Example of Creating a New Module
To simplify the process of creating new modules for new team members, we developed a dummy handler that provides a “spherical cow” example of usage applicable in many cases. It looks like this:
var DummyLog *log.Logger
func DummyWaitHealthcheck(Dummy DummyType, ApiResponse map[string]interface{}) bool {
// check for Dummy service is running
return true
}
type DummyType struct {
State string `json:"state"`
PackageName string `json:"package_name"`
ServiceName string `json:"service_name"`
}
func DummyParser(ApiResponse map[string]interface{}, ClientResponse map[string]interface{}) {
dummyData, Resp, ActiveParser := common.ParserGetData(ApiResponse, ClientResponse, "dummy")
if !ActiveParser {
return
}
if DummyLog == nil {
DummyLog = logger.CreateLog("dummy")
}
var dummy DummyType
err := mapstructure.WeakDecode(dummyData, &dummy)
if err != nil {
DummyLog.Println("Err while decode map with mapstructure.

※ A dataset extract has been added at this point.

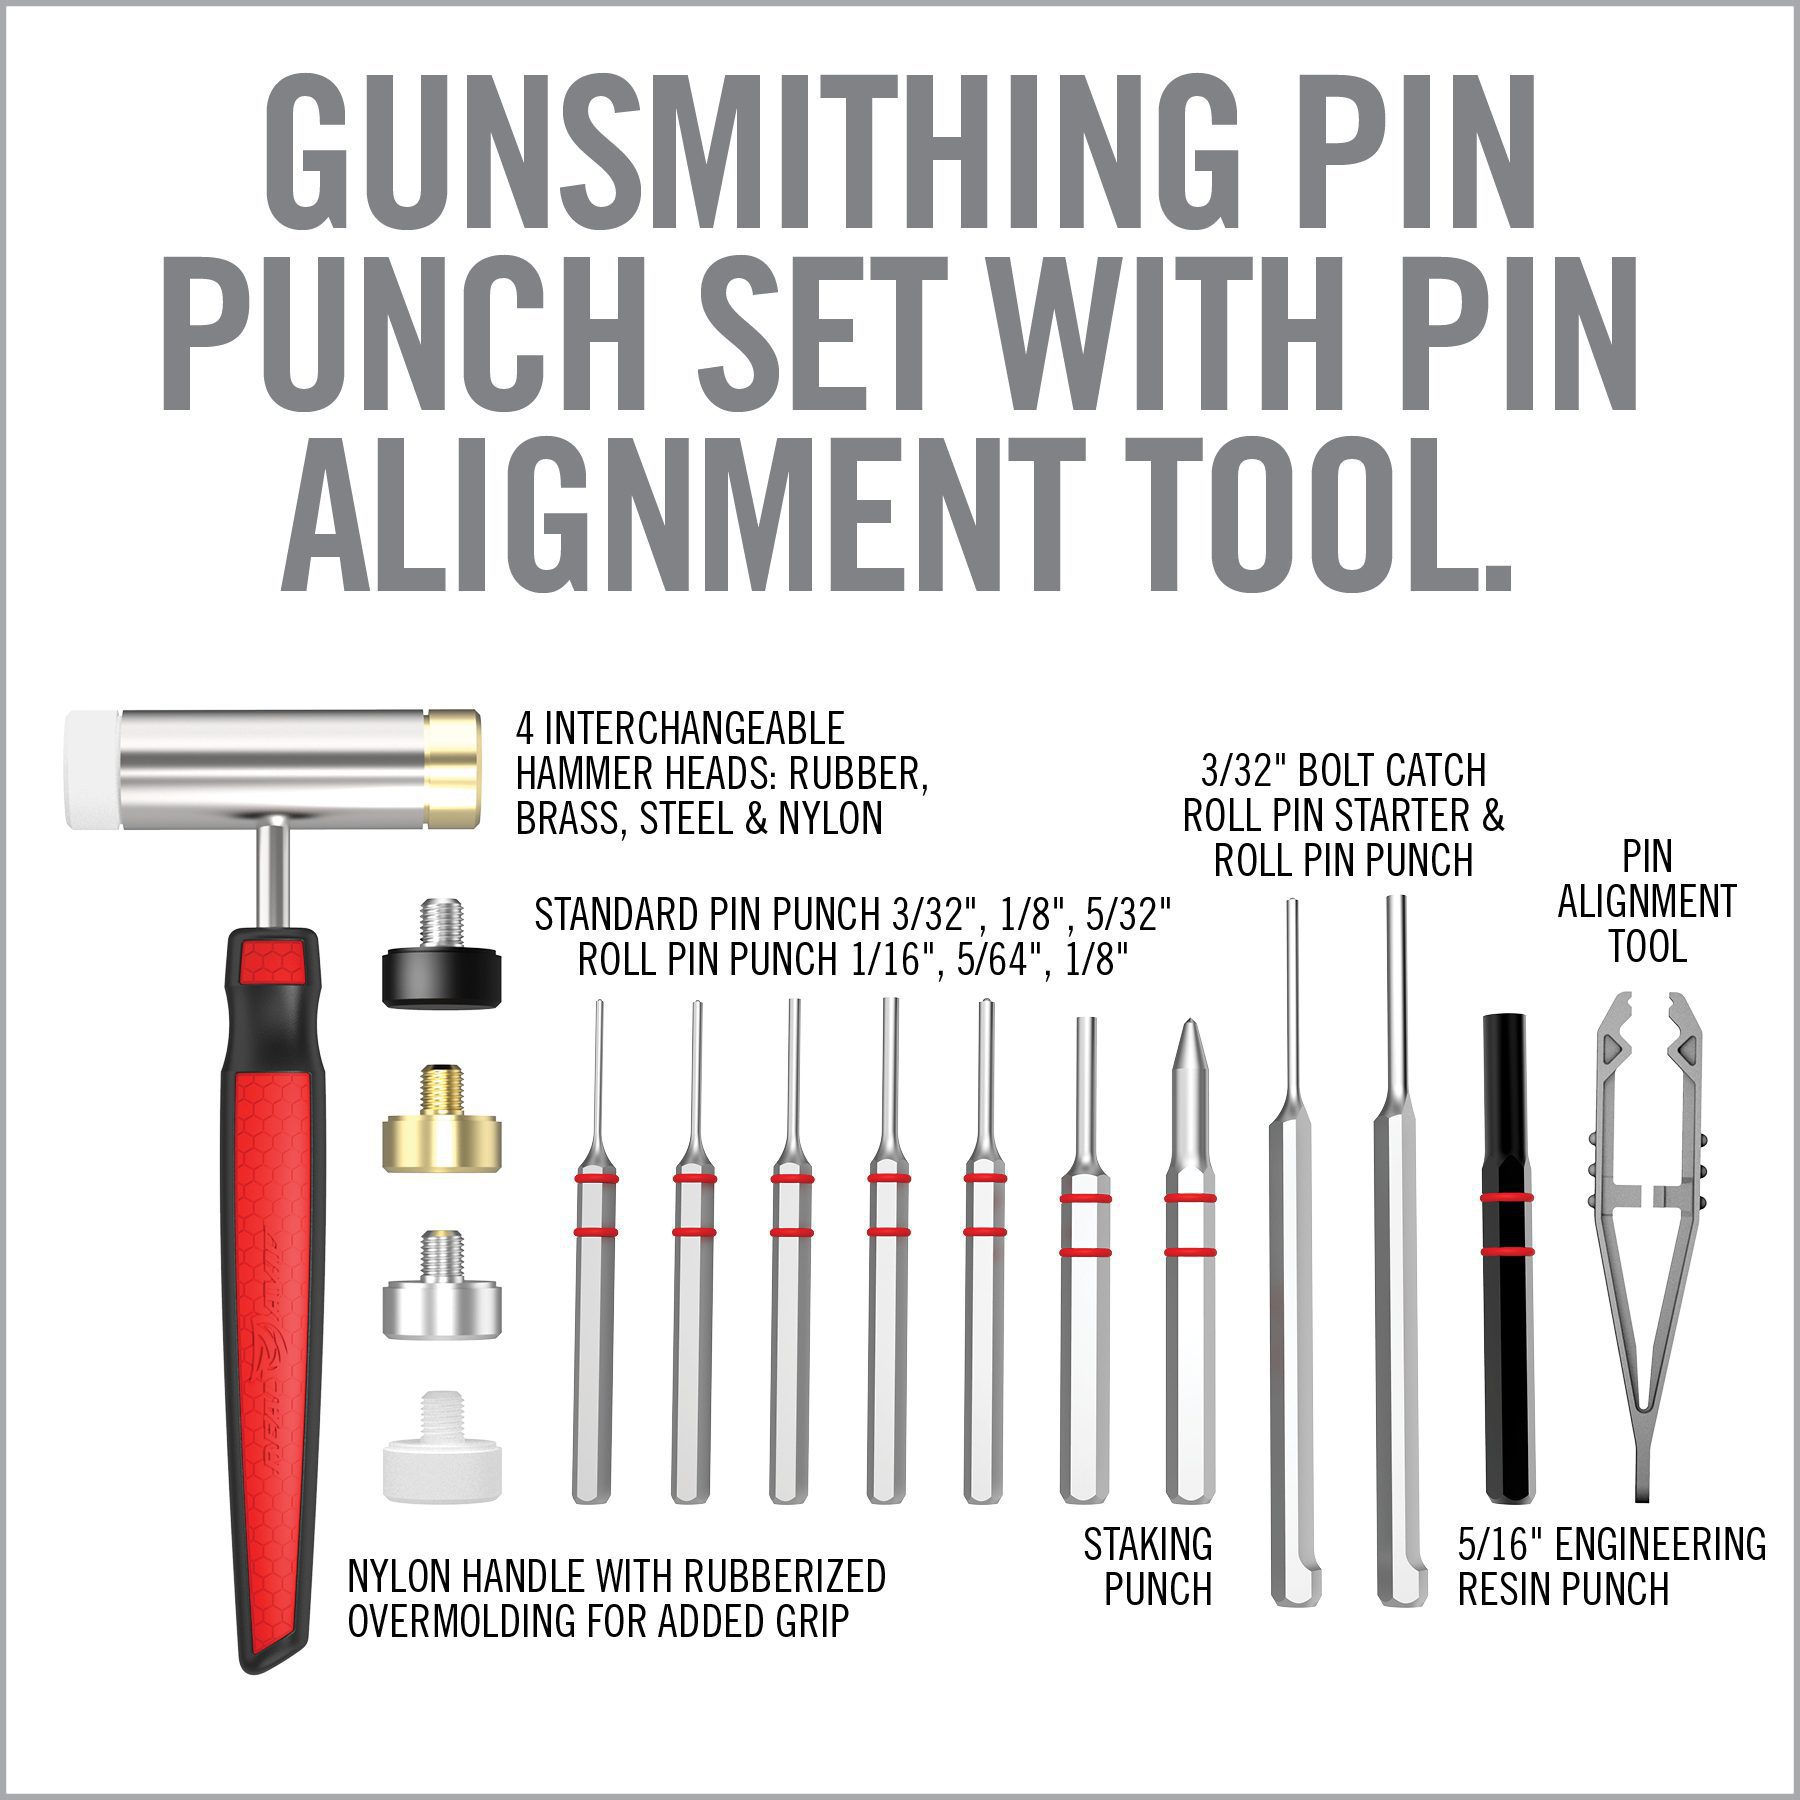 Real Avid Accu-Punch Hammer & AR15 Pin Punch Set

Err:", err)
}
DummyFlagName := "dummy.service"
var Hostgroup string
if ApiResponse["Hostgroup"] != nil {
Hostgroup = ApiResponse["Hostgroup"].(string)
}
if common.GetFlag(DummyFlagName) {
LockKey := Hostgroup + "https://dzone.com/" + DummyFlagName
LockRestartKey := "restart-" + DummyFlagName
if common.SharedSelfLock(LockKey, "0", ApiResponse["IP"].(string)) {
DummyLog.Println("common.SharedSelfLock set ok")
if !common.GetFlag(LockRestartKey) {
DummyLog.Println("call RollingRestart")
common.SetFlag(LockRestartKey)
common.DaemonReload()
common.ServiceRestart(DummyFlagName)
}
} else {
DummyLog.Println("No deploy due to find locks in consul:", LockKey)
}
DummyLog.Println("check local flag", LockRestartKey)
if common.GetFlag(LockRestartKey) {
DummyLog.Println("my flag set")
if DummyWaitHealthcheck(dummy, ApiResponse) {
common.SharedUnlock(LockKey)
common.DelFlag(LockRestartKey)
common.DelFlag(DummyFlagName)
}
}
Resp["status"] = "deploying"
} else {
Resp["status"] = "no changes"
}
}
func DummyMerger(ApiResponse map[string]interface{}) {
dummyData, ActiveParser := common.MergerGetData(ApiResponse, "dummy")
if !ActiveParser {
return
}
if DummyLog == nil {
DummyLog = logger.CreateLog("dummy")
}
var dummy DummyType
err := mapstructure.Decode(dummyData, &dummy)
if err != nil {
DummyLog.Println("Err while decode map with mapstructure. Err:", err)
}
DummyService := "dummy.service"
if dummy.ServiceName != "" {
DummyService = dummy.ServiceName
}
if dummy.State != "" {
common.APISvcSetState(ApiResponse, DummyService, dummy.State)
} else {
common.APISvcSetState(ApiResponse, DummyService, "running")
}
DummyPackage := "dummy"
if dummy.PackageName != "" {
DummyPackage = dummy.PackageName
}
common.APIPackagesAdd(ApiResponse, DummyPackage, "", "", []string{}, []string{}, []string{})
Envs := map[string]interface{}{
"DUMMY_SERVICE": "true",
"DUMMY_HOST_ID": "1",
}
common.UsersAdd(ApiResponse, "dummy", Envs, "", "", "", "", 0, []string{}, "", false)
common.DirectoryAdd(ApiResponse, "/var/log/dummy/", "0755", "dummy", "nobody")
common.FileAdd(ApiResponse, false, "/etc/dummy.conf", "dummy/dummy.conf", "go", "present", "root", "root", "", []string{}, []string{}, []string{"dummy.service"}, []string{})
Url := "http://localhost:1112"
AlligatorAddAggregate(ApiResponse, "jmx", Url, []string{})
}
By simply copying and pasting, finding and replacing, and making a few edits, they can create their own unique module to configure any other software using the provided code templates. This approach is effective — many people who began developing our SCM started with this experience. However, we still have too little SCM documentation, but we will work on improving it.